Almost every customer and prospect tells me they want the lowest price. The why tells me that what they really want is the best value. They want the great service at a competitive price. Now, we all know the answers to why do you want the cheapest price, a pretty easy assumption that is usually correct. Asking why opens the dialogue that leads to more questions, like how does that effect your business when X does or does not happen.

Sure, some really do only want the lowest price. You need to know who they are too.

Taking the time to find out what the customer really needs has another benefit. By asking good questions that dig deeper you set yourself apart from the competition. You will be perceived as valuable. That’s because you are providing value.

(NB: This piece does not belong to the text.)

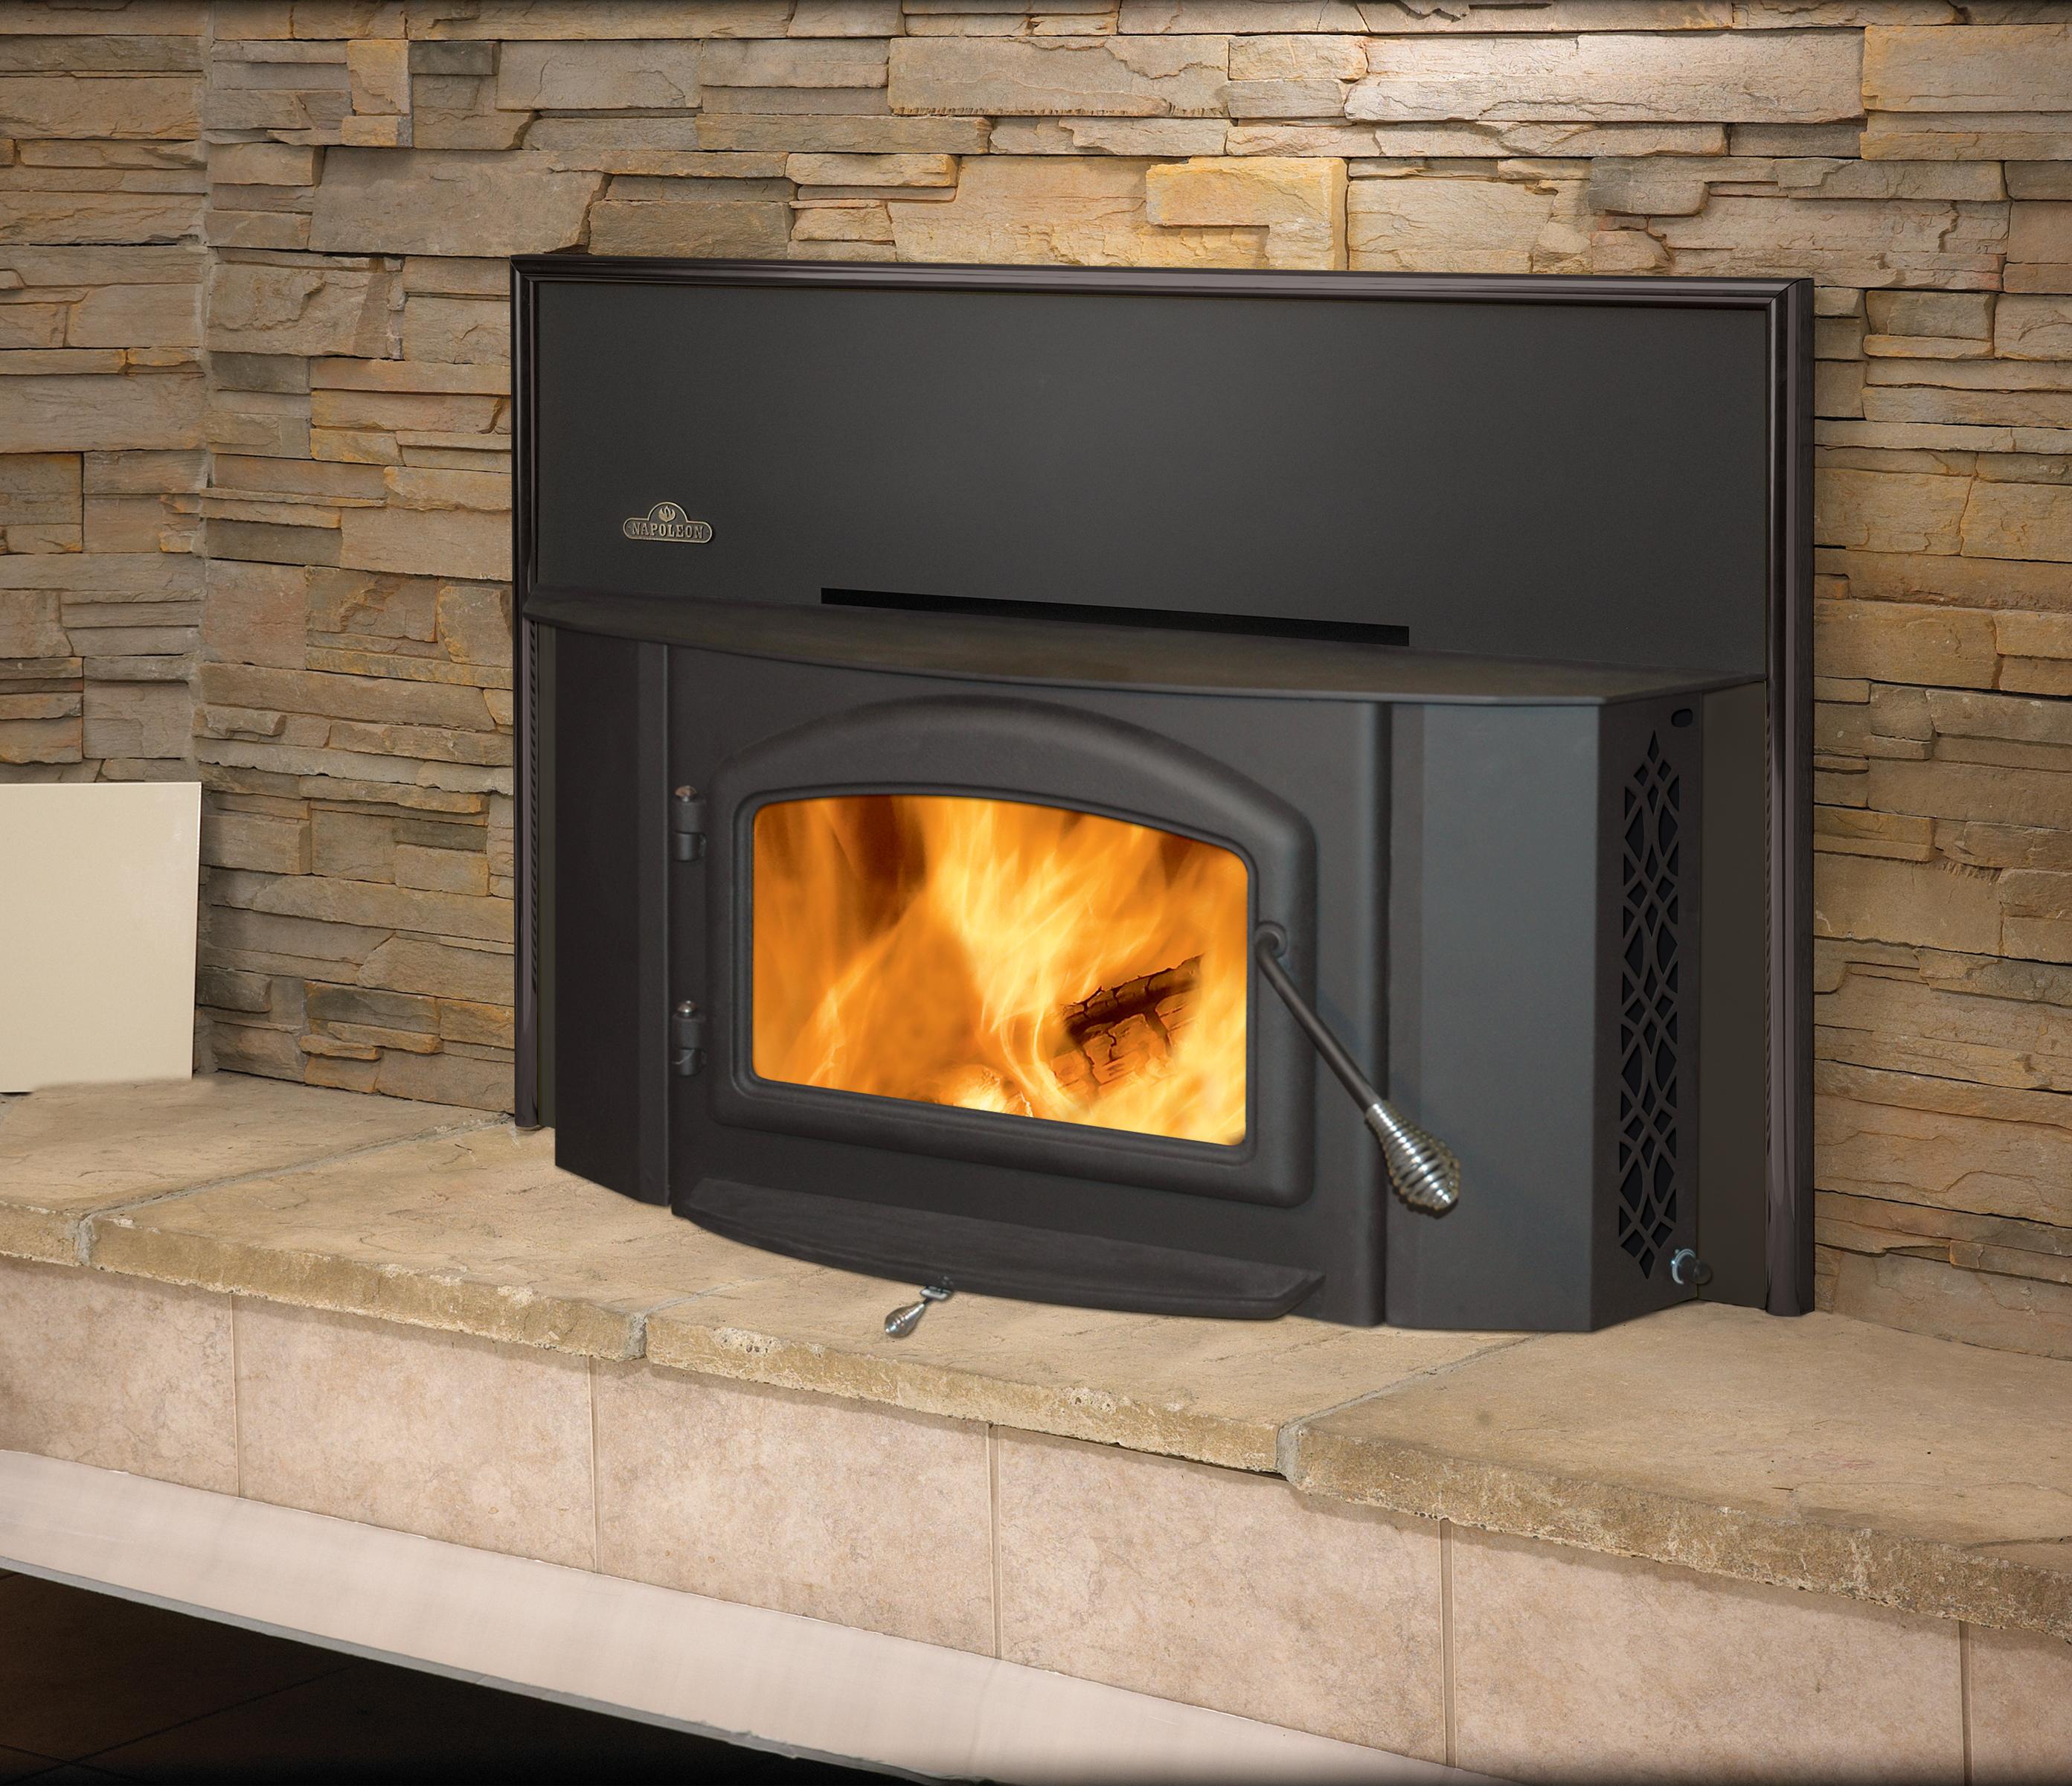 Napoleon 1402 Oakdale Wood Burning Fireplace Insert
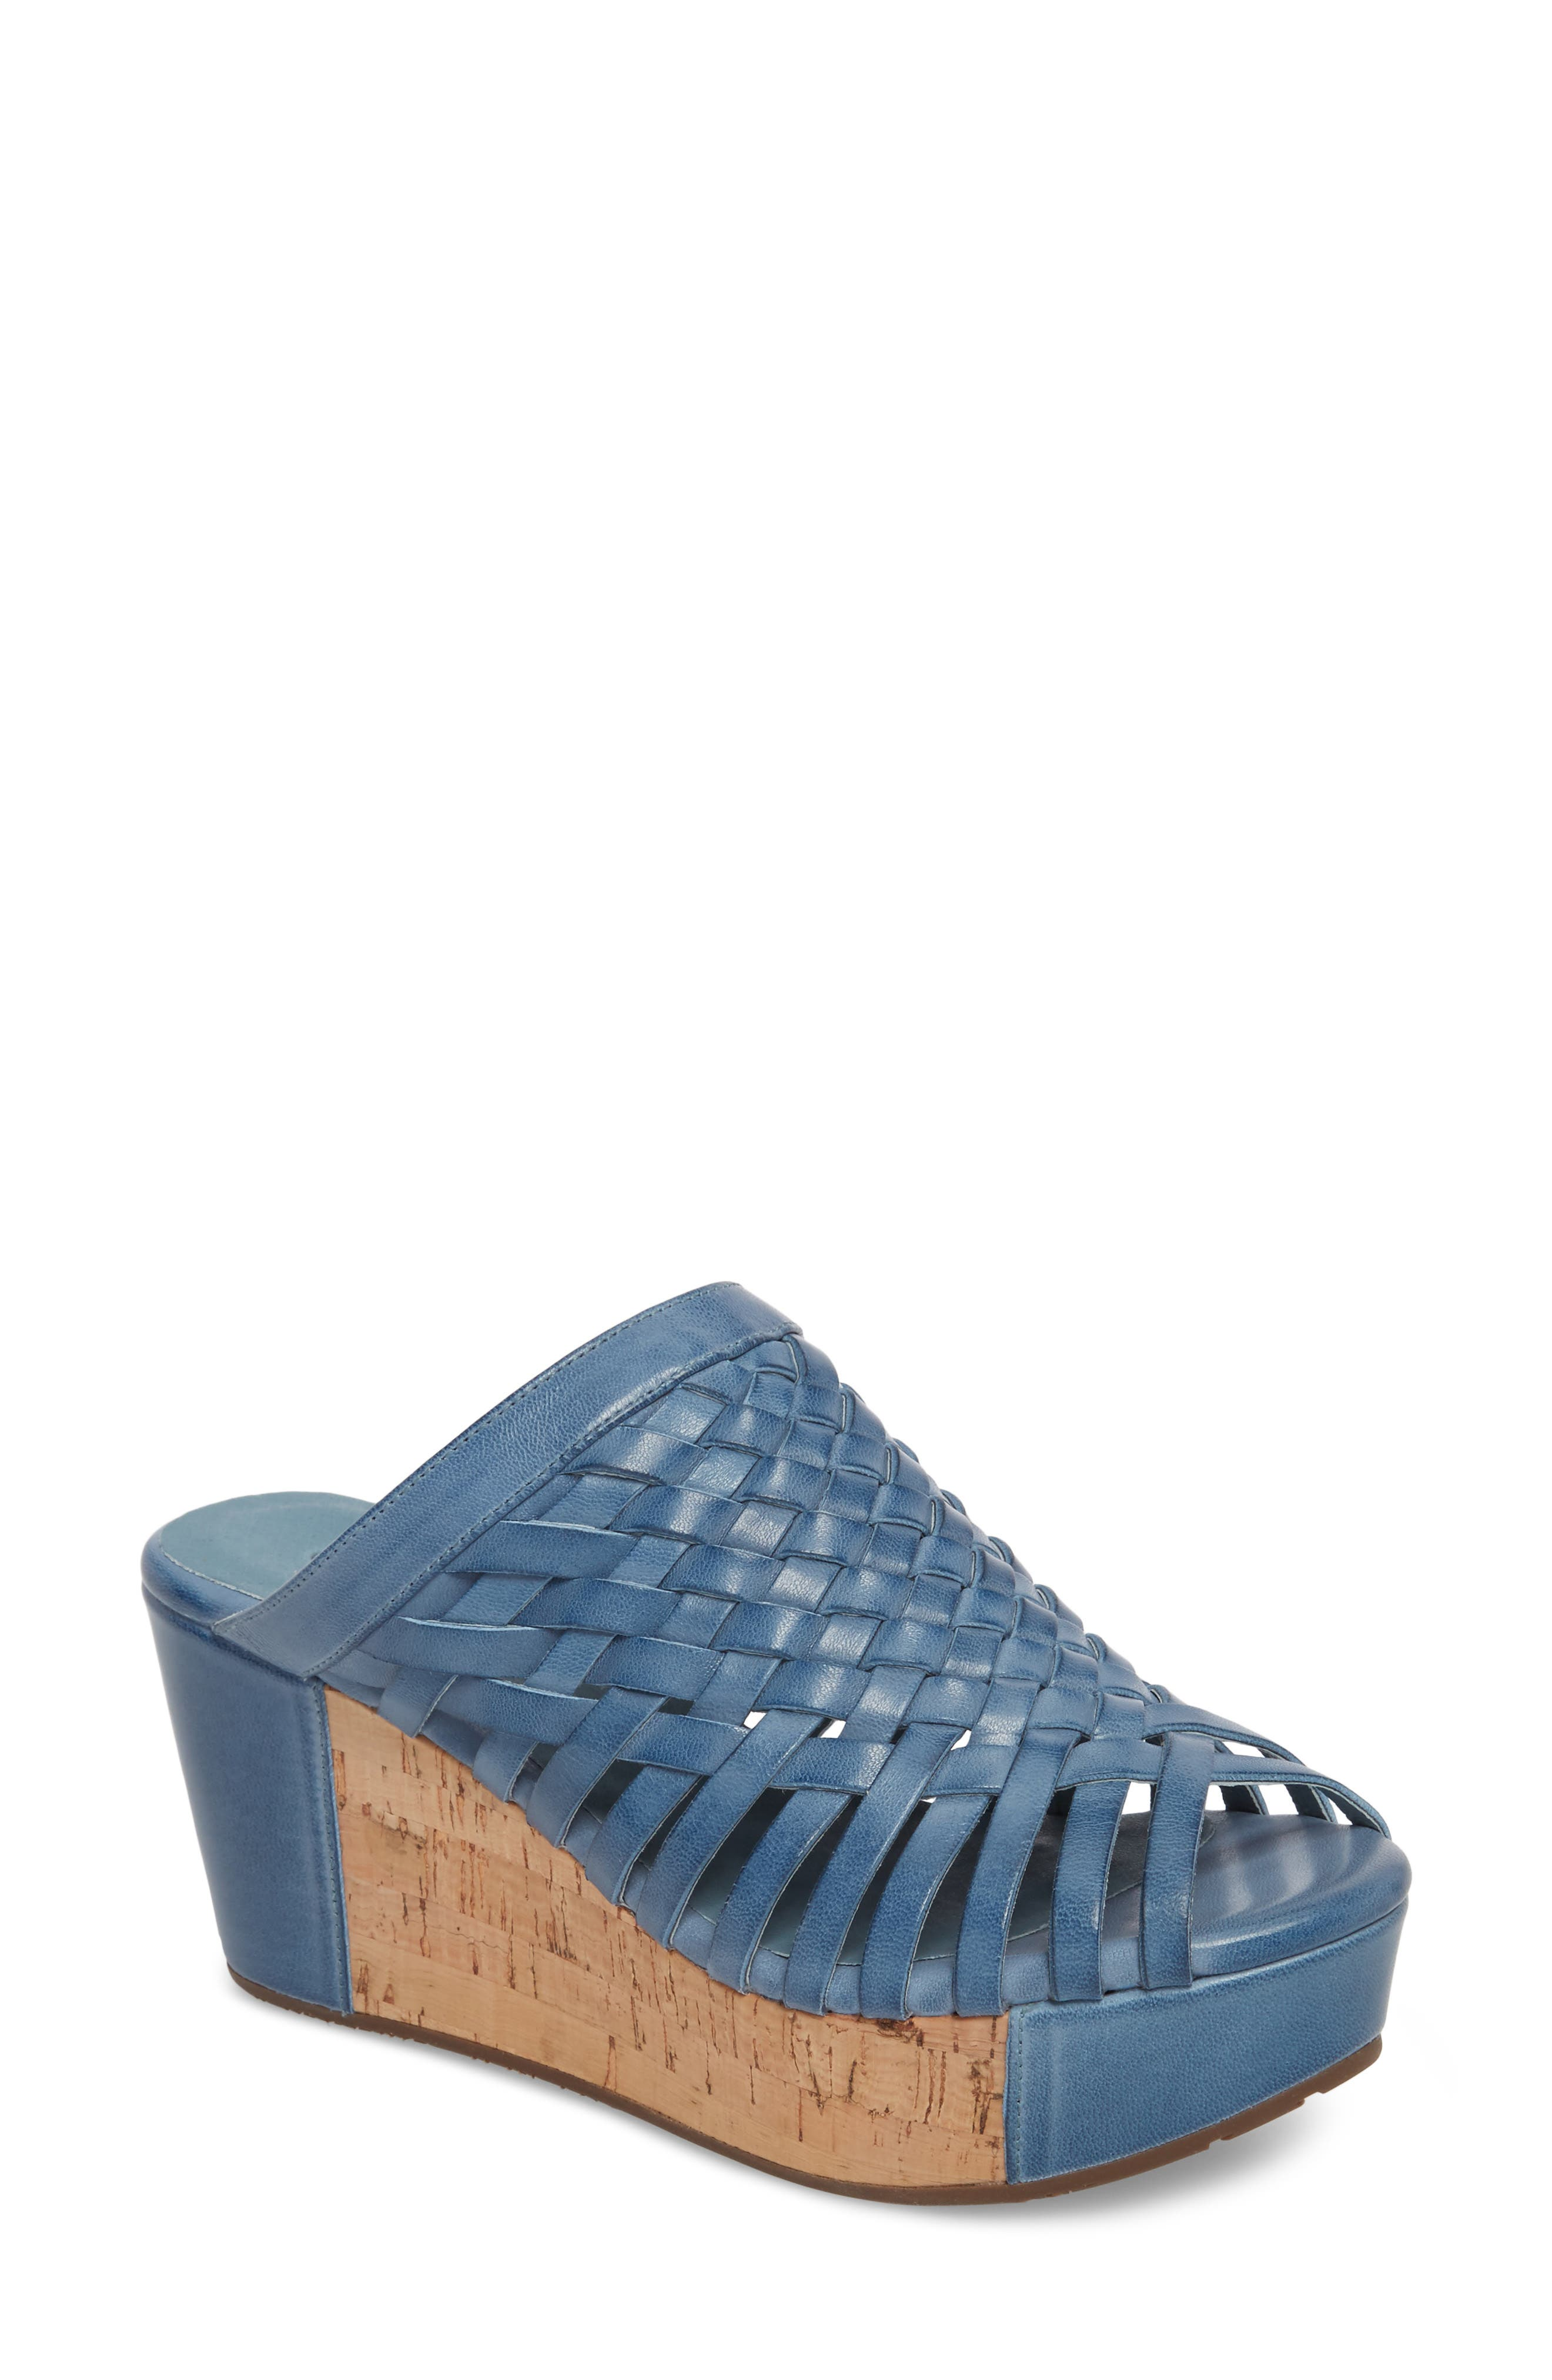 Alternate Image 1 Selected - Chocolat Blu Walda Platform Wedge Sandal (Women)

Do you know your customers?

  • As you may know, I have a reputation. (You can read about it here: However, I “drink my own Kool-Aid”. So, when my phone rings, I answer if I can or when I get an email that asks, “Got a minute?” I typically do. So, this morning, I stop at Shaws because my wife’s nurses want 60 MegaMillions tickets. I was there at 7:45. The store opened at 7. The guy at customer service was filling the instant game tickets. Looks up. “Can I help you.” “I need to buy some tickets.” “We don’t open until 8.” “I’ll wait.” and I leaned against his counter. At least 6 Shaws employees walked by and asked if I was being helped. Every time I said, “He’s too busy.” and gestured toward the guy and his tickets. For some reason, at 6 minutes before 8, the guy comes over and asks, “What would you like, sir?” (I wonder if one of those 6 was the manager?) Maybe Shaws should suggest that when the store opens at 7, the whole store opens at 7 and if an employee has to choose between making a customer wait while they finish what they’re doing, they should make the right choice.?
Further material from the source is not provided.